Apart from the images, repeat the data below exactly as written.

═════ Data ═════

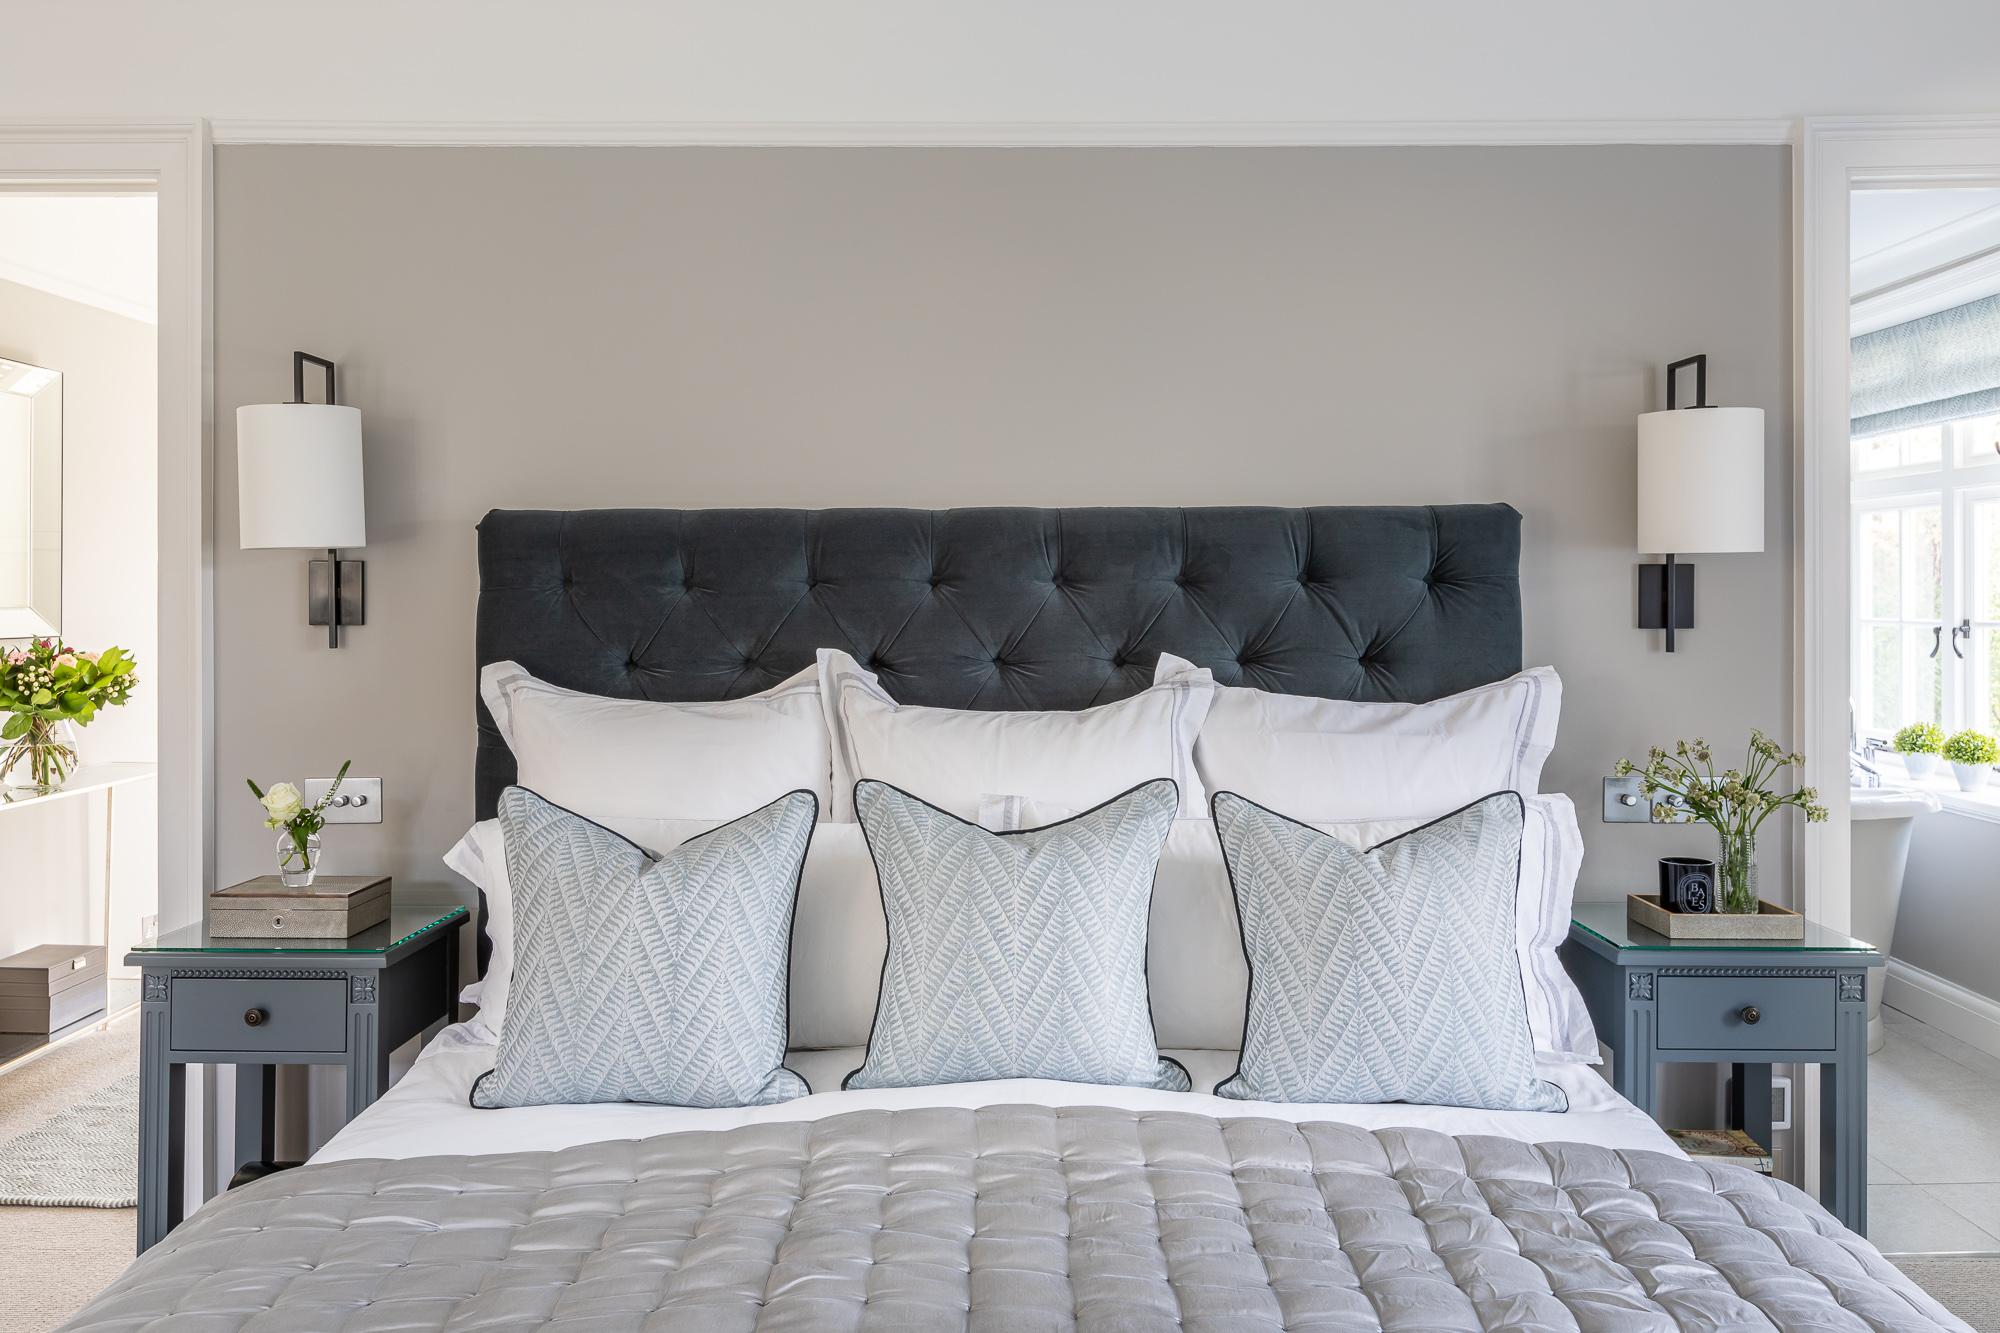 jonathan bond, interior photographer, double bed in bedroom, great missenden, buckinghamshire
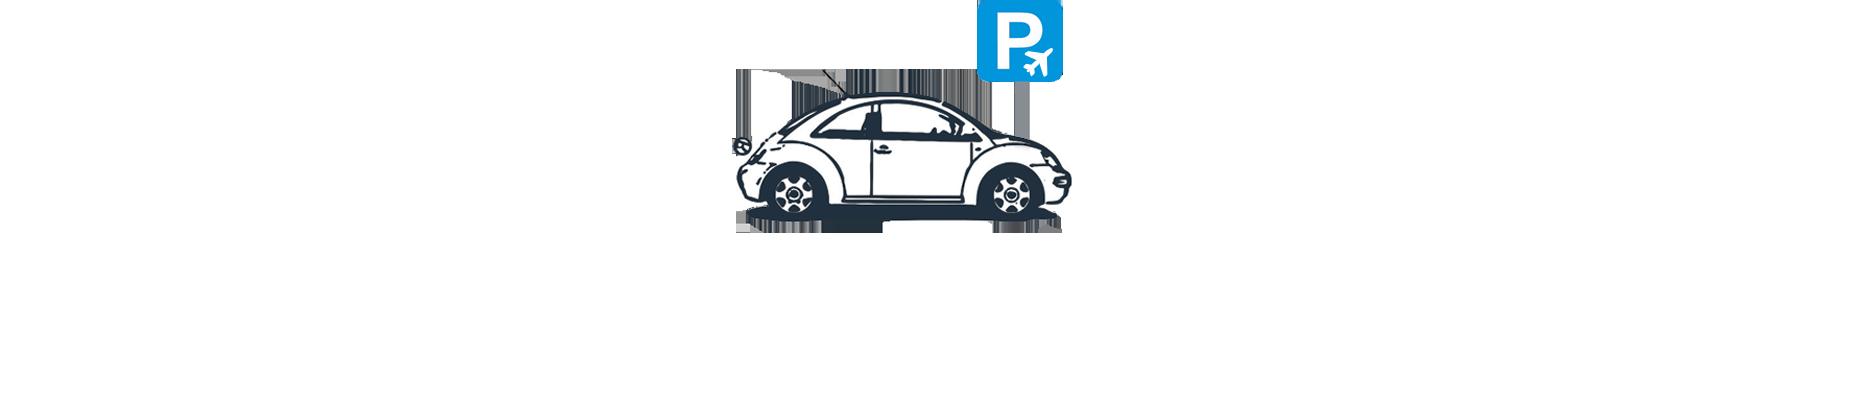 Őrzött reptéri parkoló | Pocket Parking
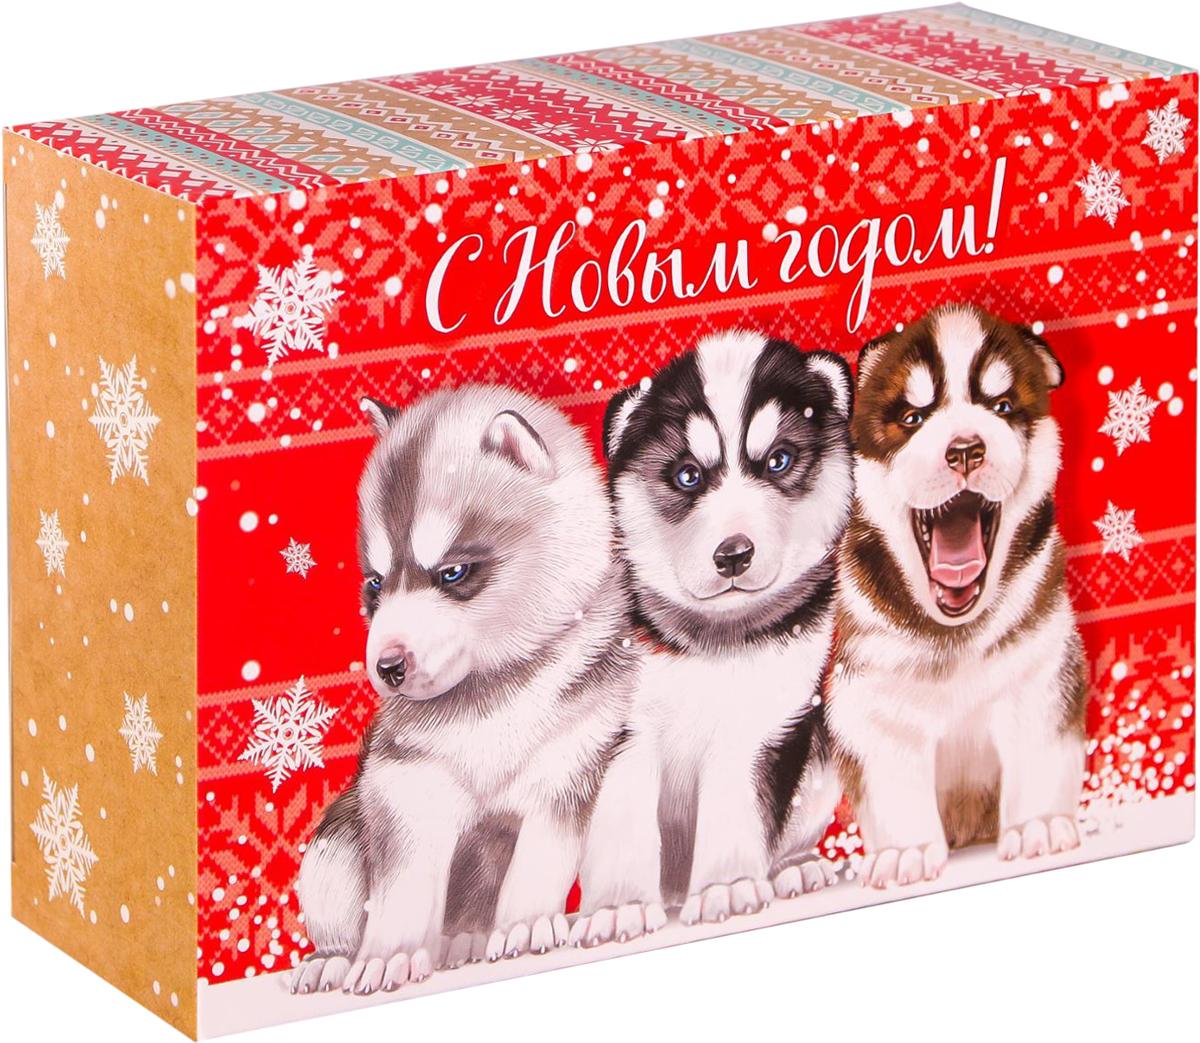 Коробка складная Дарите счастье Новогодние щенки, 16 х 23 х 7,5 см2450828Любой подарок начинается с упаковки. Что может быть трогательнее и волшебнее, чем ритуал разворачивания полученного презента. И именно оригинальная, со вкусом выбранная упаковка выделит ваш подарок из массы других. Она продемонстрирует самые теплые чувства к виновнику торжества и создаст сказочную атмосферу праздника.
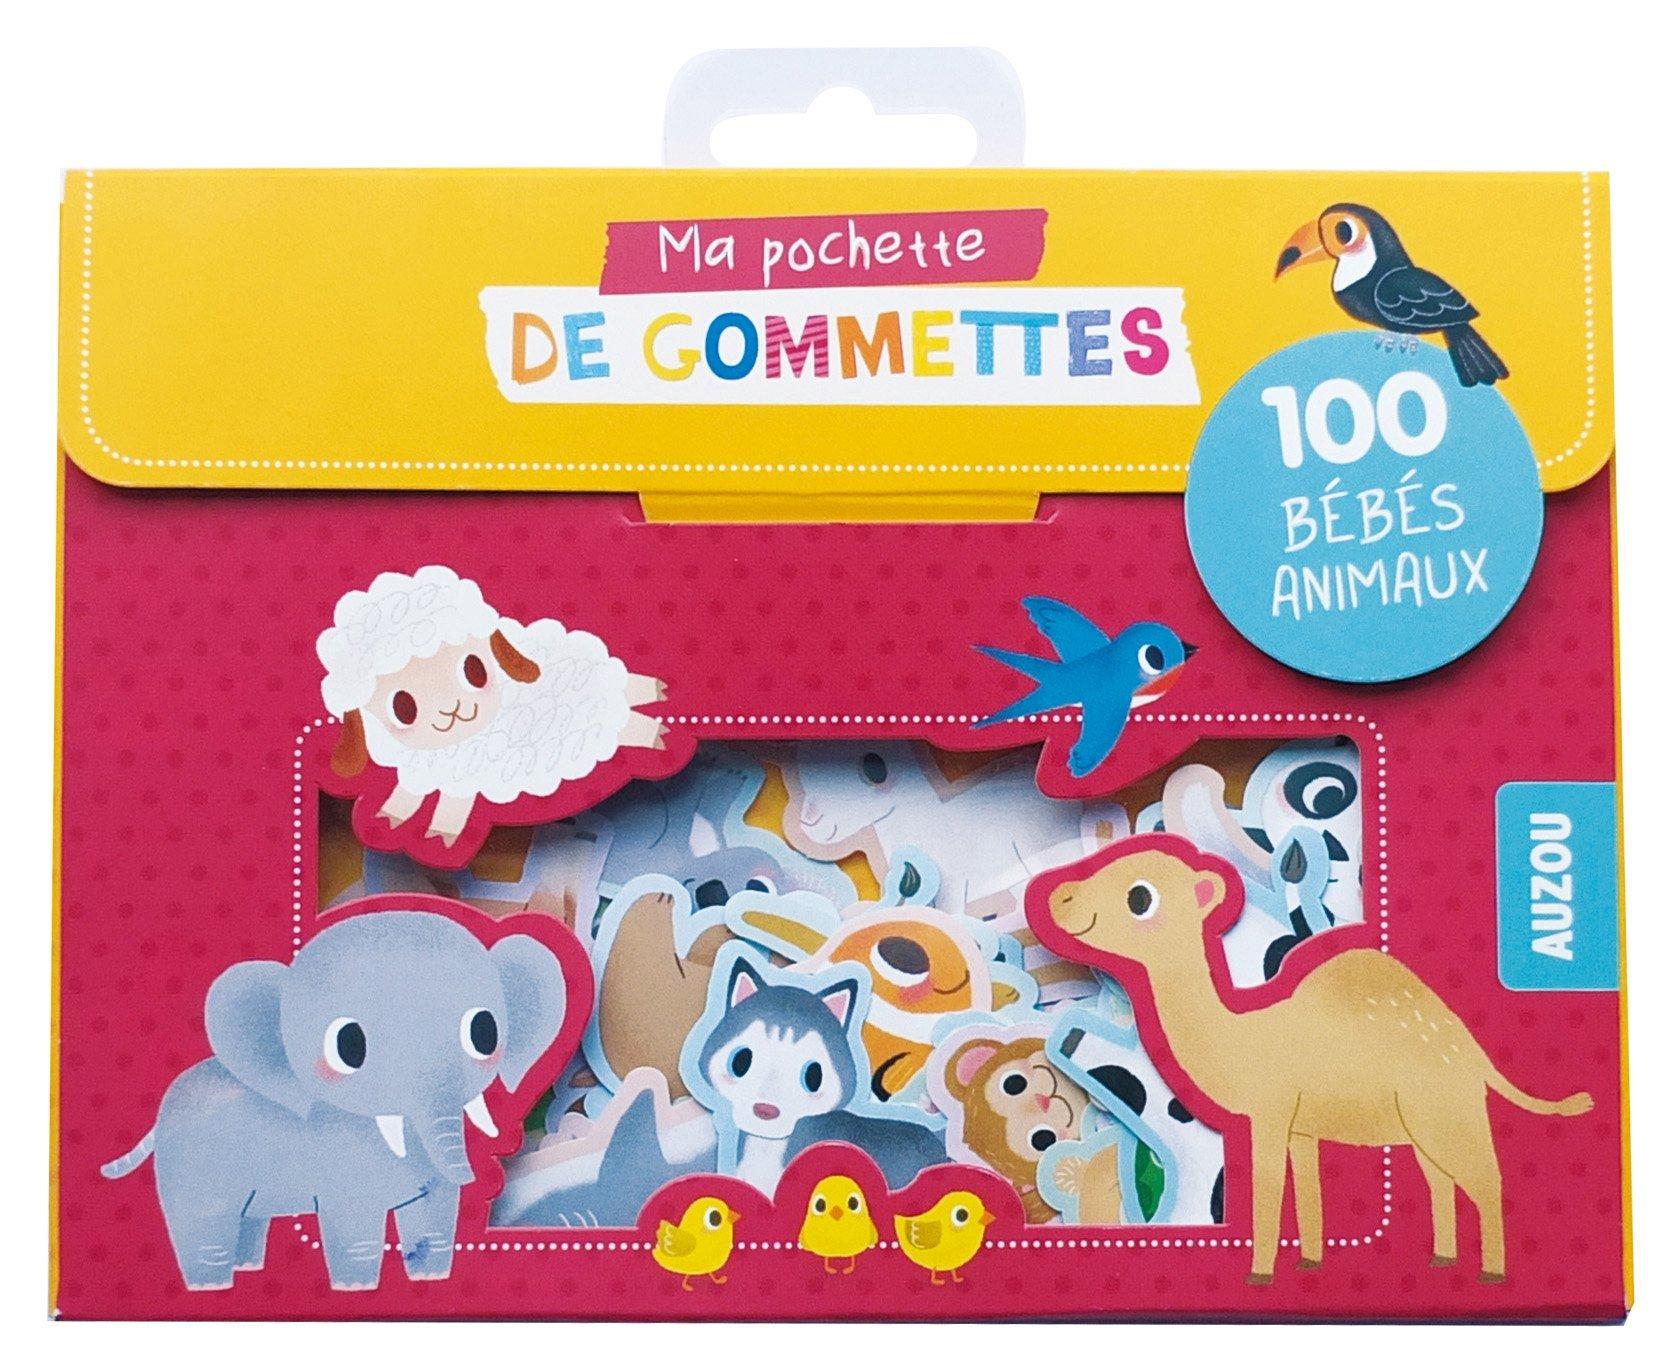 100 Gommettes Bebes Animaux Coll Ma Pochette De Gommettes Amazon

═════

» Solution to this exercise
 jonathan bond, interior photographer, double bed in bedroom, great missenden, buckinghamshire
 Őrzött reptéri parkoló | Pocket Parking
 Коробка складная Дарите счастье Новогодние щенки, 16 х 23 х 7,5 см2450828Любой подарок начинается с упаковки. Что может быть трогательнее и волшебнее, чем ритуал разворачивания полученного презента. И именно оригинальная, со вкусом выбранная упаковка выделит ваш подарок из массы других. Она продемонстрирует самые теплые чувства к виновнику торжества и создаст сказочную атмосферу праздника.
 100 Gommettes Bebes Animaux Coll Ma Pochette De Gommettes Amazon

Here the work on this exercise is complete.